These Best Ever Double Chocolate Chip Cookies are soft in the center, crisp at the edges, and loaded with dark chocolate chips. An easy homemade cookie recipe ready in under 30 minutes.


Ingredients

Units Scale
  • 100 g butter, softened
  • 120 g caster sugar
  • 1 large egg, room temperature
  • 1/4 tsp vanilla extract
  • 140 g plain flour
  • 1/2 tsp baking powder
  • 1 heaped tbsp cocoa powder
  • 150 g dark chocolate chips

Instructions

  1. Preheat your oven to 350⁰F (180⁰C) and line a baking tray with baking paper.
  2. If your butter isn’t properly softened, give it a few seconds at room temperature first.
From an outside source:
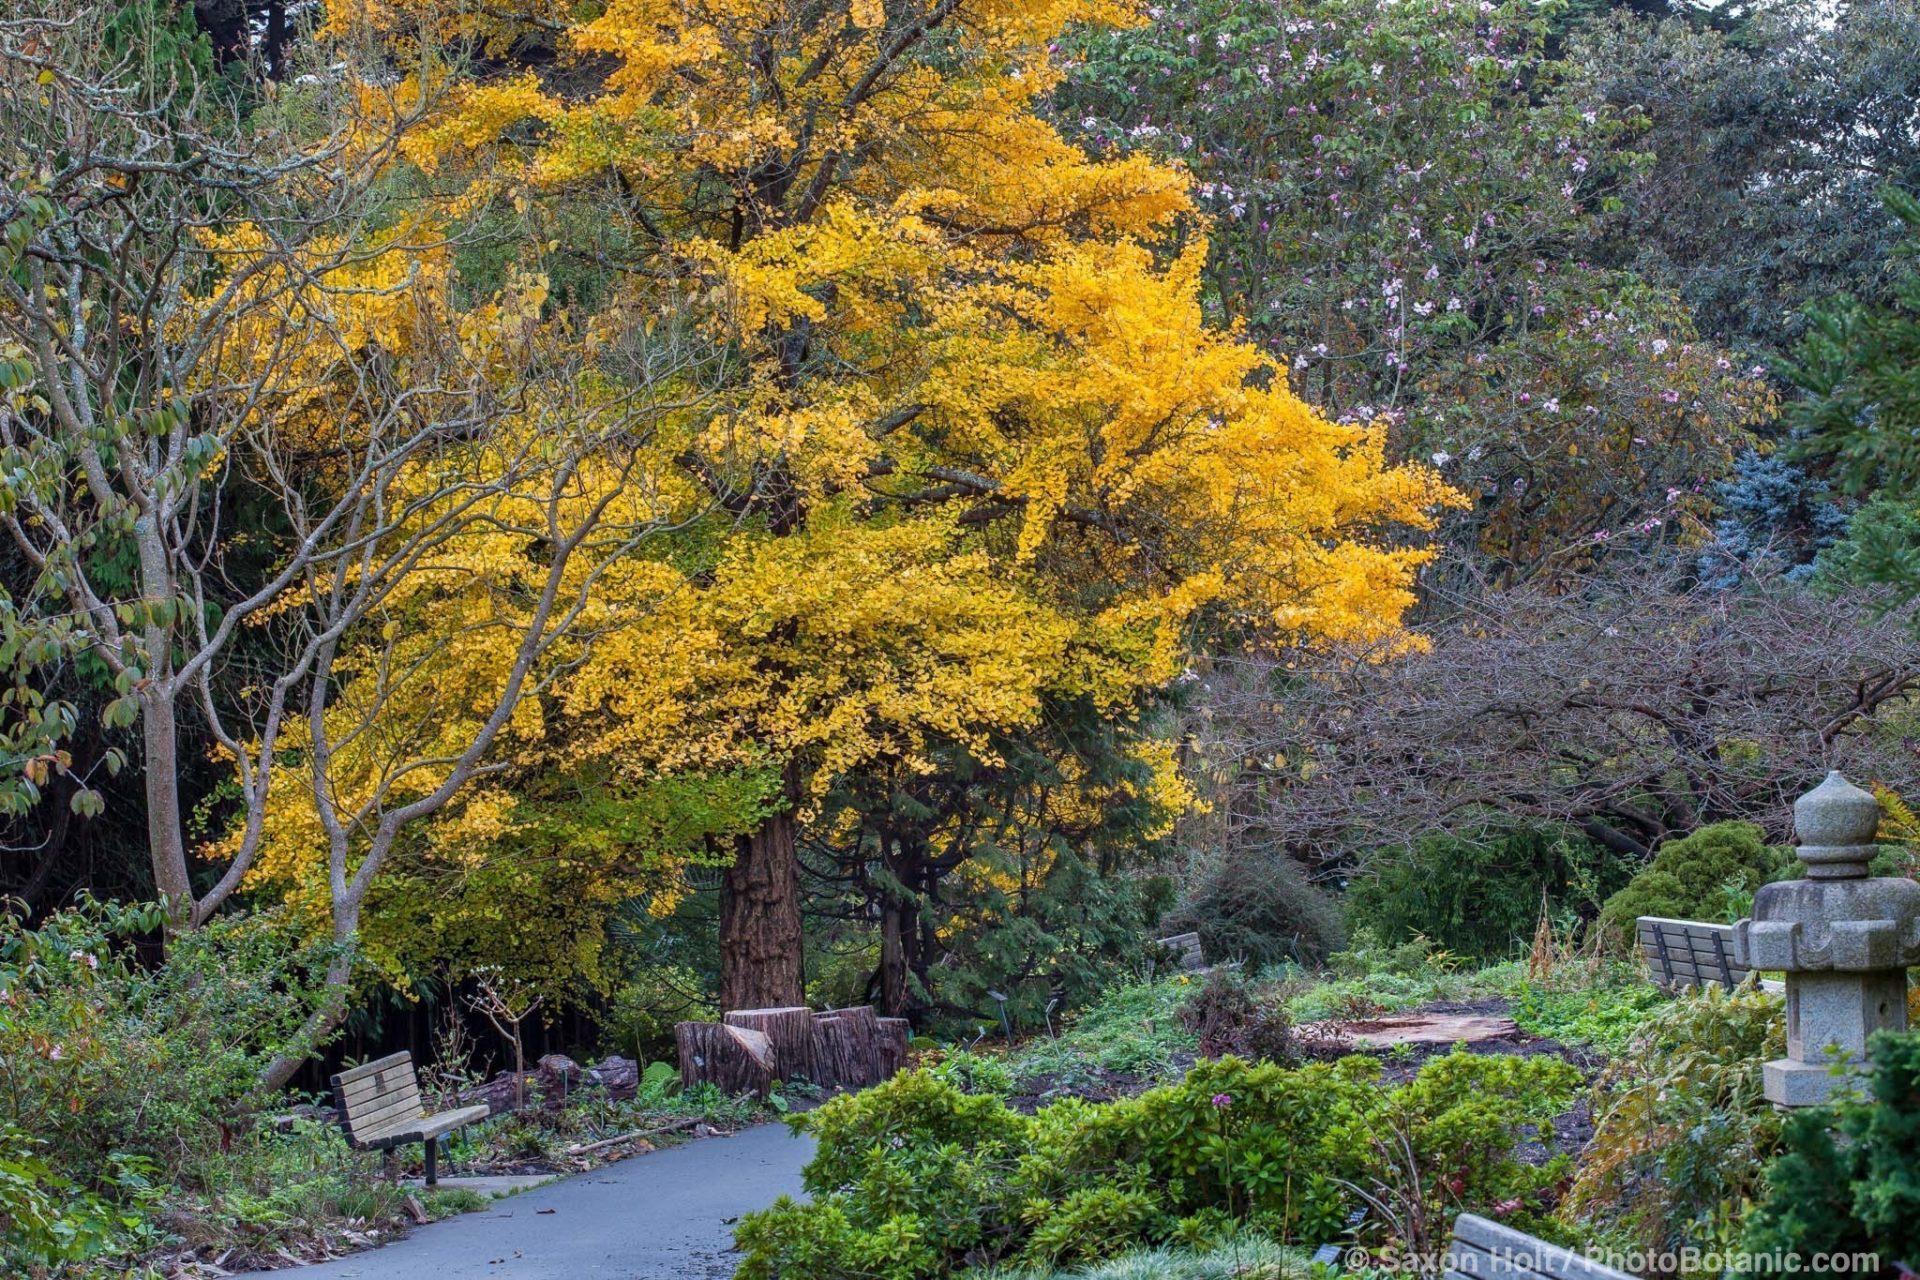 Ginkgo biloba tree wiht yellow falll foliage color in San Francisco Botanical Garden

It makes creaming so much easier.
  3. In a mixing bowl, cream 100 g softened butter and 120 g caster sugar together until pale and fluffy.
  4. Don’t rush; give it a good 2 to 3 minutes. That’s what gives you lighter cookies.
  5. Add 1 large egg and 1/4 tsp vanilla extract and mix until smooth. If it looks slightly curdled, don’t panic; it comes together once the dry ingredients go in.
  6. In a separate bowl, whisk together 140 g plain flour, 1/2 tsp baking powder, and 1 heaped tbsp cocoa powder so the cocoa spreads evenly.
  7. Add the dry ingredients to the butter mixture and mix just until combined. Don’t overmix or your cookies can turn a bit tough.
  8. Fold in 150 g dark chocolate chips evenly through the dough.
  9. At this stage, the dough should be soft but scoopable. If it feels very sticky, chill it for 15 to 20 minutes.
  10. Lightly wet your hands and roll tablespoon-sized portions into balls.
  11. Place them on the lined tray, leaving enough space for spreading. Flatten each ball slightly with a fork dipped in flour.
  12. Bake for 10 minutes, then rotate the tray and bake for another 4 minutes. The edges should look set and slightly golden, while the centers will still look soft. That’s perfect.
  13. Let the cookies rest on the tray for 5 minutes before transferring them to a cooling rack.
  14. They’ll be very soft at first, but will firm up as they cool.

PS: Try not to eat them all warm, but I won’t judge if you do.